I just hiked the Berryman loop for the first time. This section is a beautiful trek! It is important to note that the eastern side has no filterable water sources, so plan ahead with water. The trail is maintained and and very well marked. I had read that there were a lot of forest road intersections to be aware of, but with the reliable signage they were of no concern. I would highly recommend this loop for anyone looking for a quick weekend trip.

hiking
2 months ago

Went here in August. trail was pretty overgrown. Walk in the woods but no real significant views. There were a couple creek crossings, but i will not go back unless dead of winter. I climbed out of there and was covered in hundreds of seed ticks even though i had sprayed down in deet.

had a great time here today. nice stone arrow pointing the way at the fork and some cairns to help you back to the trail.

It took us at least 90 minutes to even find the trail. The GPS had us turning down roads that didn't exist, then rerouting us to gravel single lane roads that went nowhere. After circling the area once looking for a brown sign...we tried a gravel road we had turned around on once already and decided to just park the car and walk that road, which was CR 2124 that turned out to be the right road. There are no brown markers or any kind of signs till you get to the trail head The road up there is so washed out, don't try it unless you have a jeep. We didn't go far on the trail itself because it started heading downhill again and it was getting late. We backpacked this trail 20 years ago and it seemed in a lot better condition then....so were we....in a lot better condition. haha

I would like to second what Matt Hodel said (note: he's one of the people responsible for us making it off the trail alive this past weekend). Posts on here indicating that this hike takes less than 6 hours were misleading and nearly got us killed. If Matt and his buddy, Eric, had not been on the trail, the ending would have been very different.

I'm not personally in bad shape (though I could stand to lose 20 lbs), and by "not in bad shape" I mean that I lead a hiking group, do several 7+ mile hikes a month, and did a half marathon a month all last year —but this trail really kicked my backside.

When I read the under 6 review on here (and I'm not disputing that you did it, just saying that's not the norm for this trail), I did the math, and "it checked out" — our group hiking speed is a 24 min mile. But this trail is not your average hiking trail — it's littered with rocks, ankle-turners, almost throughout — I would say that 80% of the trail is being generous. And when you add to that, that the leaves had just fallen and it was drizzling, that's really going to slow you down.

So, based on calculations, we thought we would be off the trail in daylight, in 51° weather.

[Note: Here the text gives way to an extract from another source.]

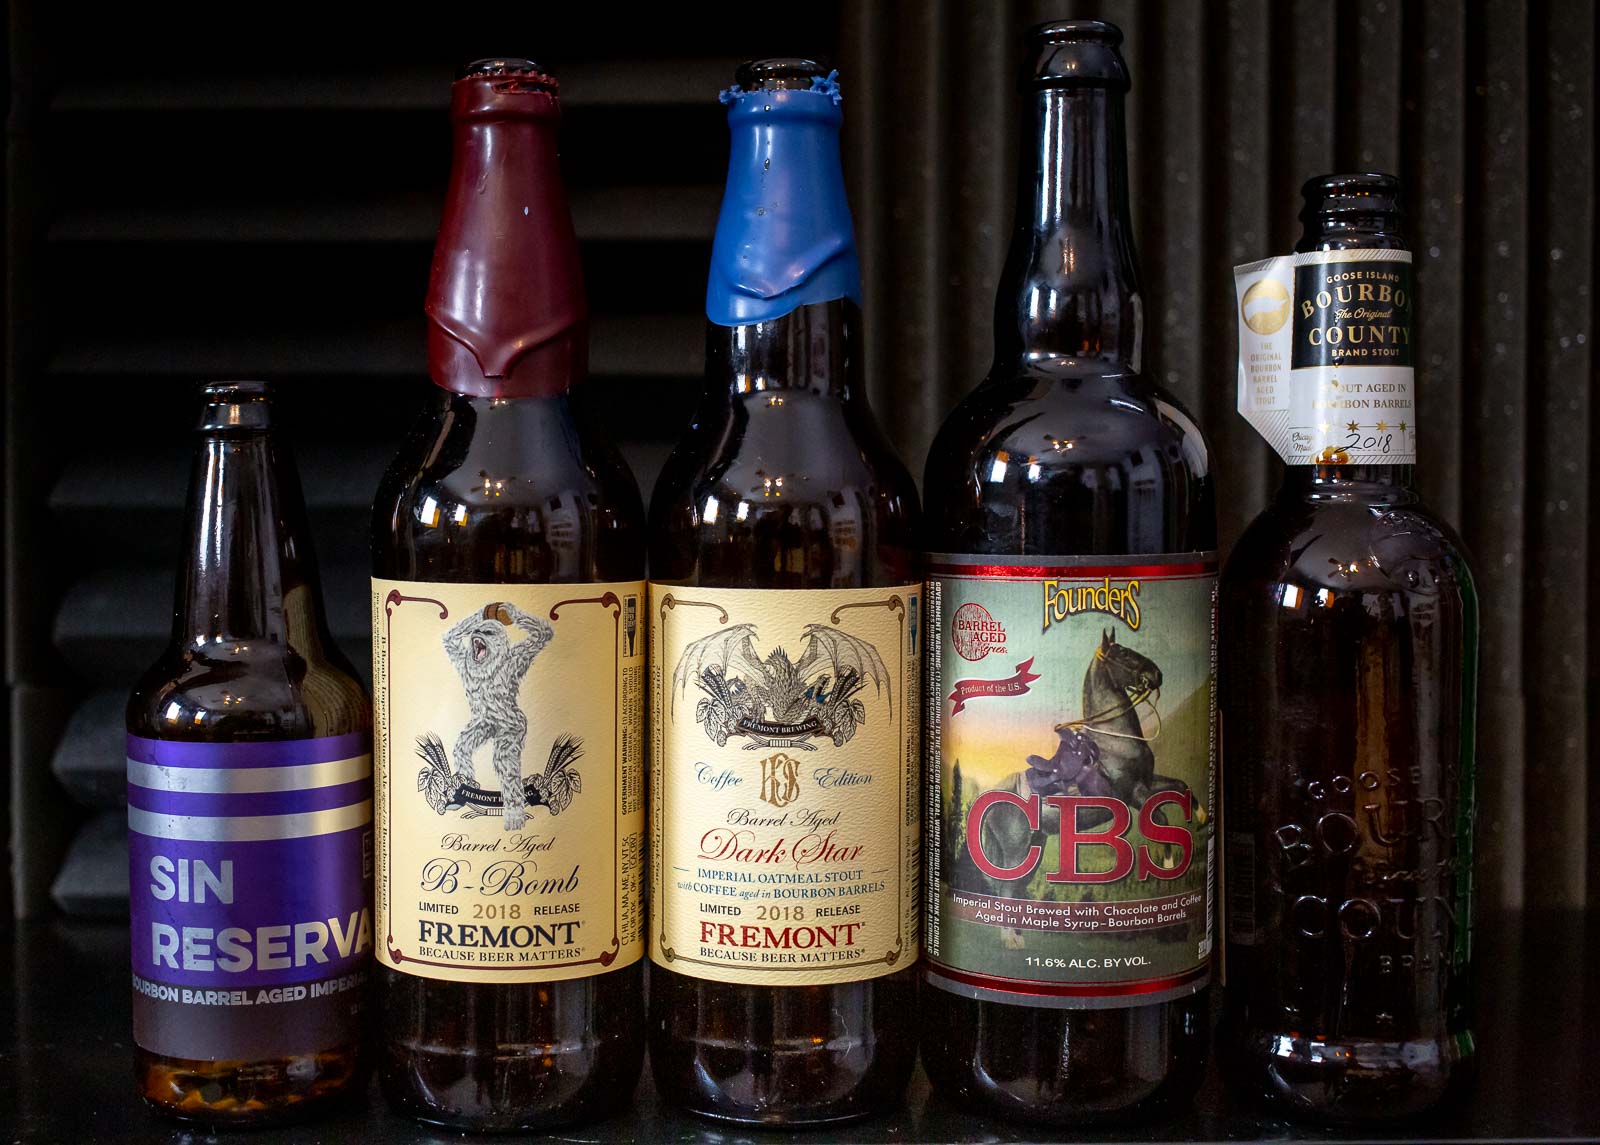 Pictured: Five bottles of barrel-aged beer from Trustworthy Brewing, Fremont Brewing, Founders Brewing, and Goose Island

Instead, we were still 2+ miles from the summit, at the most treacherous part of the trail, with one headlamp for every two people.

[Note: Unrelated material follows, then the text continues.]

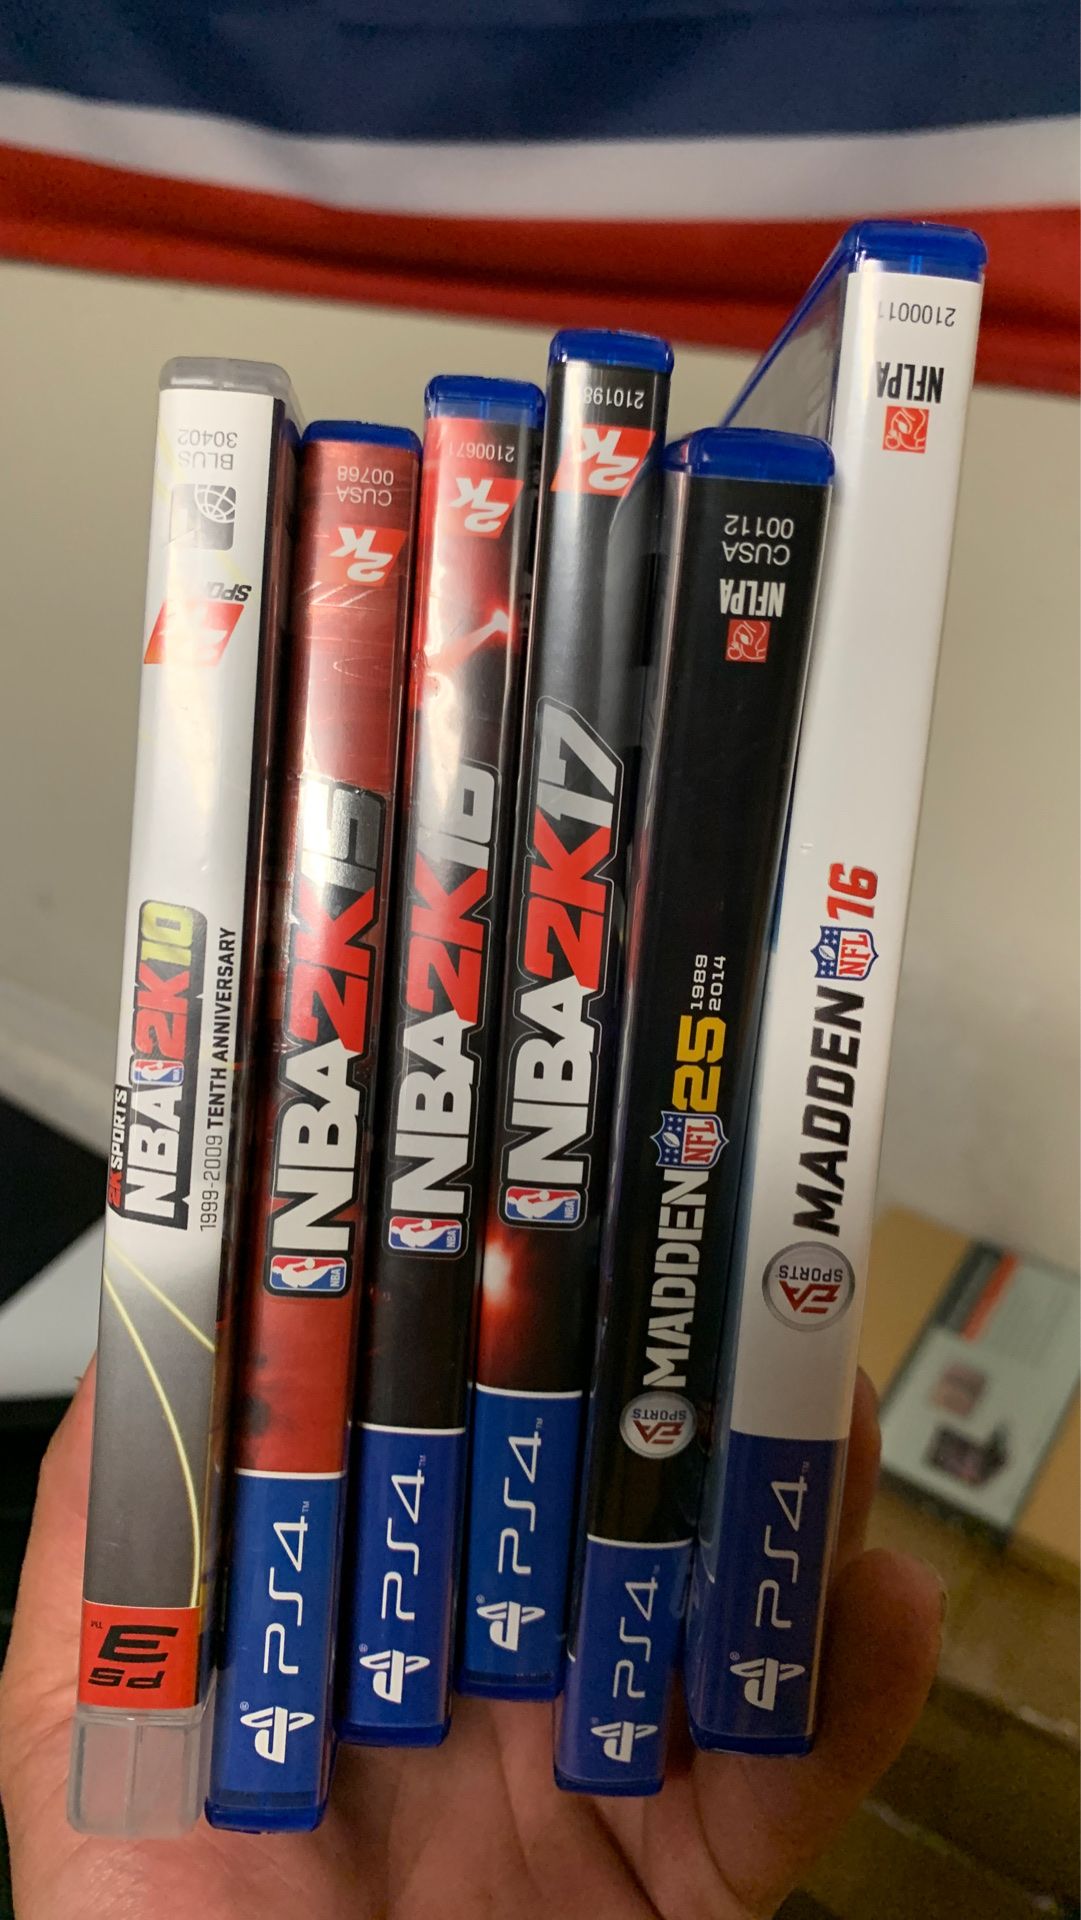 PS4 and ps3 games

We had sent our 2 fastest hikers on to the summit with one of the radios, and between that and spotty cellphone connection, we were able to get ahold of rangers and keep warm around Matt & Eric's fire until we were rescued.

We started at 10:30 am, reached the power lines (the mid-way point) around 2:30 pm, where we ate lunch, sunset was approx 4:48 pm (with last light at 5:16 pm), we reached Matt & Eric's camp at 6:40 pm, were able to get through to rangers by 7:45 pm, were rescued at 8:30 pm, and made it back up to the top front country camping area by about 10:30 pm.

The ranger said that it's a 12 hour hike, and the State Park website even posits 14.5 hours, although it also lists the trail as being 14.5 miles.

All this is just to give a cautionary view, so that no one else comes here to find info, and gets in a predicament like we did. It's a beautiful, must-see area — just be wise. This is a point to point trail — once you start, there are no quick exits — you must go all the way to one end or the other.